Ethnography Initial Report

redacted

Tuesday, September 13, 2011

Paper Reading #6


TurKit: human computation algorithms on mechanical turk




Authors:
Greg Little Massachusettes Institute of Technology, Cambridge, MA, USA
Lydia B. Chilton University of Washington, Seattle, WA, USA
Max Goldman Massachusettes Institute of Technology, Cambridge, MA, USA
Robert C. Miller Massachusettes Institute of Technology, Cambridge, MA, USA

Released:
UIST '10 Proceedings of the 23nd annual ACM symposium on User interface software and technology




Summary:
A set of tools is described for using humans to perform computational tasks. Humans tend to take anywhere from a few seconds to a few minutes to accomplish a tash, so repeating tasks should be minimized or eliminated. Mechanical Turk is a system in which programmers can create tasks to be directly assignable to humans in a simple programming standpoint. Also, since machine computation is so much faster than human computational tasks, it is simple to just crash the program to wait and rerunning the program up to the current state instead of blocking the program.

Contributions: (in lieu of hypothesis)


  • TurKit Script: An API for algorithmic MTurk tasks.
  • Crash-and-Rerun Programming: A programming model suited to algorithmic use of human Computation, addressing issues related to high-cost and high-latency steps involving humans.
  • TurKit Online: A public web GUI for running and managing TurKit scripts.

Methods:
Since saving every state of a program in a database is exponential, TurKit only stores the responses from humans. This allows for a new way of thinking about the programming flow since a deterministic program could be run again nearly instantly if the human responses are stored. This is done by using the once identifier to store the human answer and question in a database. Also instead of waiting for humans in a blocking programming standpoint, TurKit offers two alternatives:

  • Forking to implement parallelism.
  • Crashing the program and recomputing up to the last state.
Three examples are shown using the TurKit framework. The first example is a simplified quicksort. By recursively asking a person to objectively rate a subset, objective sorting is possible in parallel. 
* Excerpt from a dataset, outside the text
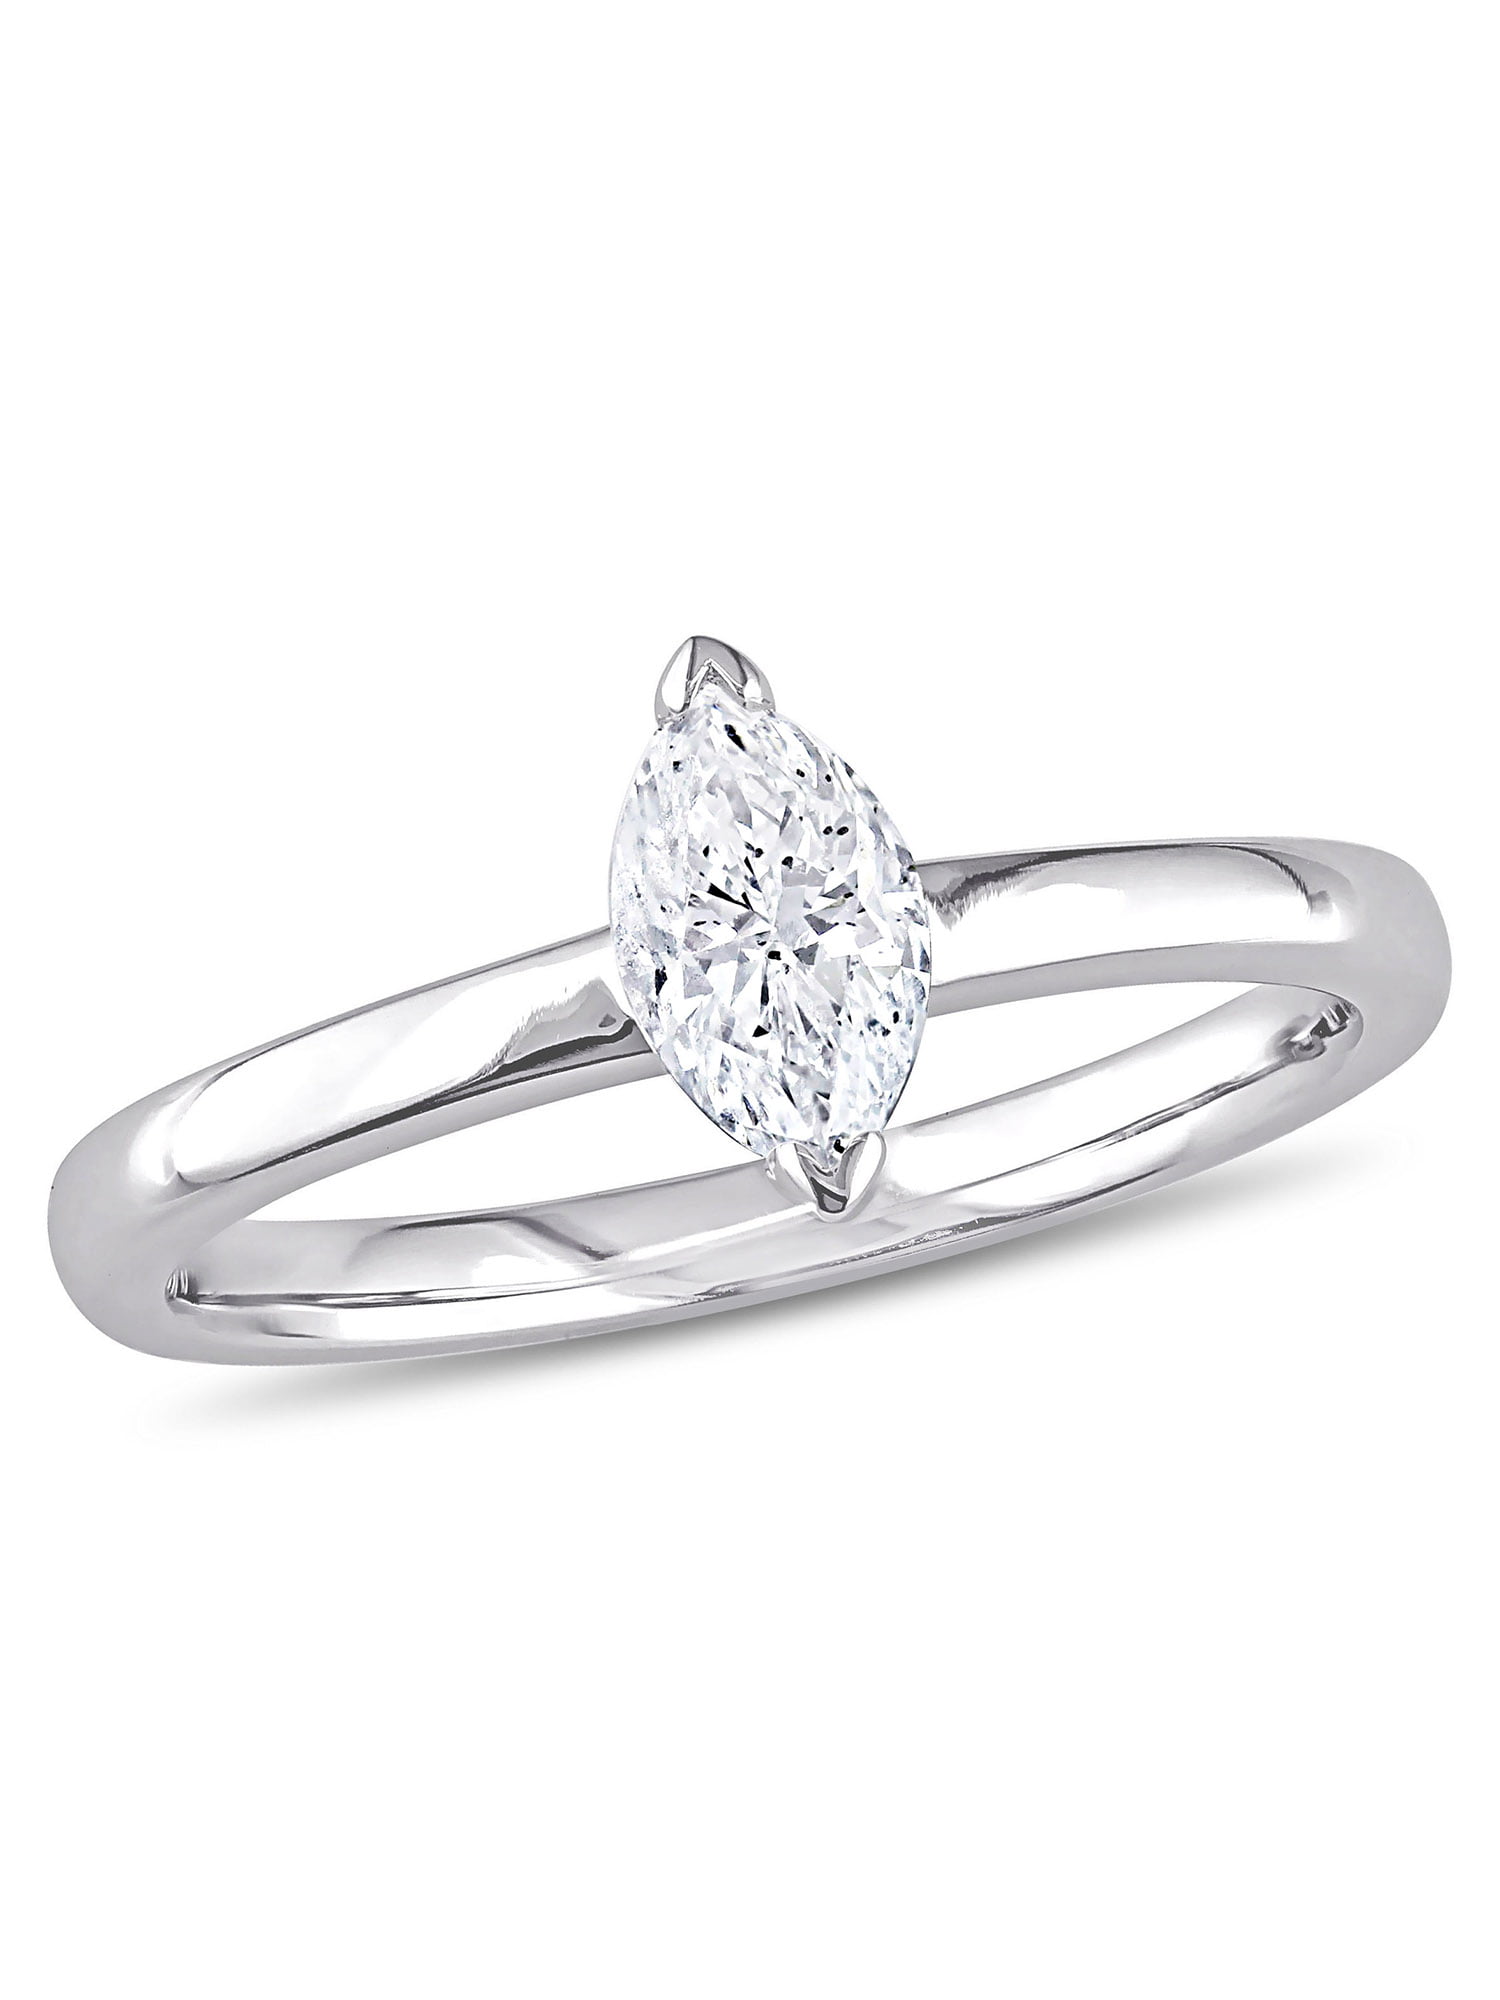 1Ct Marquise Cut Diamond Wedding Engagement Ring 14K Yellow Gold Finish 
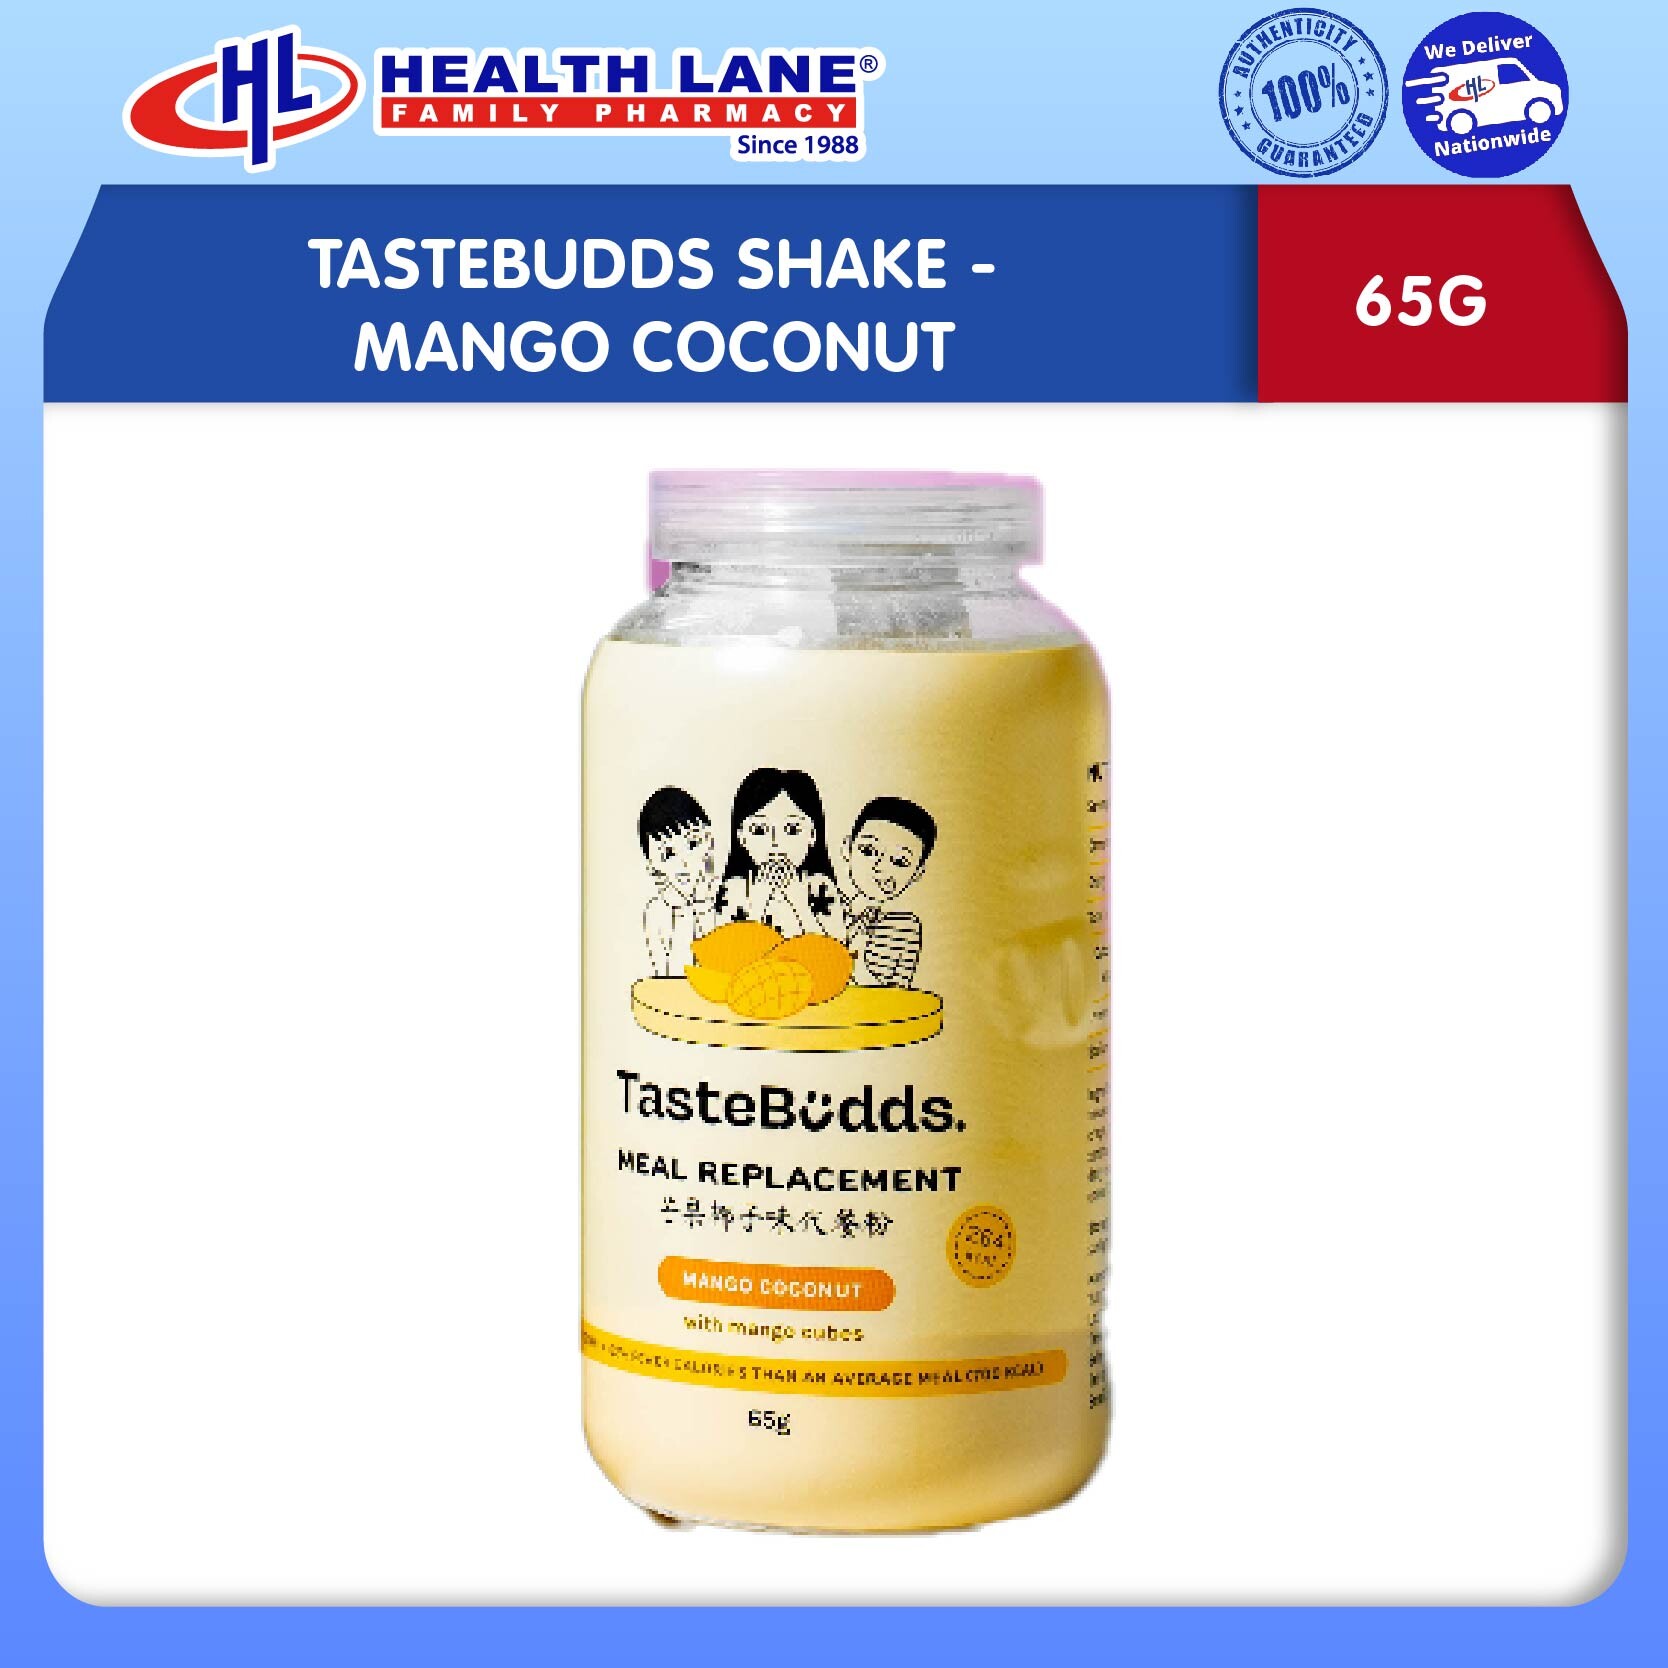 TASTEBUDDS SHAKE - MANGO COCONUT (65G)

The next example is an iterative captioning algorithm. An image is shown and a question is asked to describe the image. After each iteration, people are allowed to vote an improve on the caption. The voting system allows for bad improvements to be sorted out.

The last example is iterative OCR. Humans know how to read mostly, so human computation is a decent way to perform the task. For the example, people are asked to write the words in an excerpt and put a '*' character on words that are not known. This way, each enhancing/voting iteration gets the state closer to the goal. 

Results:
The most visible results came from the OCR test. There was only one error after 12 iterations. However other tests were shown to determine the efficiency of the TurKit system. The time used for completing singular tasks was nearly proportional to the amount of money sent per task, up to 10 cents. Over the whole study, just $364 was spent to generate about 30,000 tasks.'

Discussion:
I find the idea of using humans to do tasks fascinating. Since AI technology sometimes can not cope with problems today, or general programmers do not know AI concepts, this offers a simple solution. In the future, it would be interesting to see actual incorporation of AI to accomplish some tasks where humans accomplish others using the same framework.




Thursday, September 8, 2011

Blog Paper Reading #5


A framework for robust and flexible handling of inputs with uncertainty

Authors: 

Julia Schwarz - Carnegie Mellon University, Pittsburgh, PA, USA
Scott Hudson - Carnegie Mellon University, Pittsburgh, PA, USA
Jennifer Mankoff - Carnegie Mellon University, Pittsburgh, PA, USA
Andrew D. Wilson - Microsoft Research, Redmond, WA, USA





Released: UIST '10 Proceedings of the 23nd annual ACM symposium on User interface software and technology

Summary
There can exist ambiguity in handling gestures. Two gestures may start in the same place, but end differently, and choosing one over the other at the beginning of an input would be a mistake. This is where the concept of interactors comes in. A gesture can trigger two separate invisible analyses (interactors) and not act until the underlying framework is sure that only one or no action has taken place.

Hypothesis

The researchers hypothesized that by treating their input in a way that handles its true uncertainty well, they could increase the accuracy of user interactions.


Methods
The way probability was assigned for each interactor was done by using a probability mass function. All probabilities added up to 100% where 80% represents a successful match. Six examples are shown described.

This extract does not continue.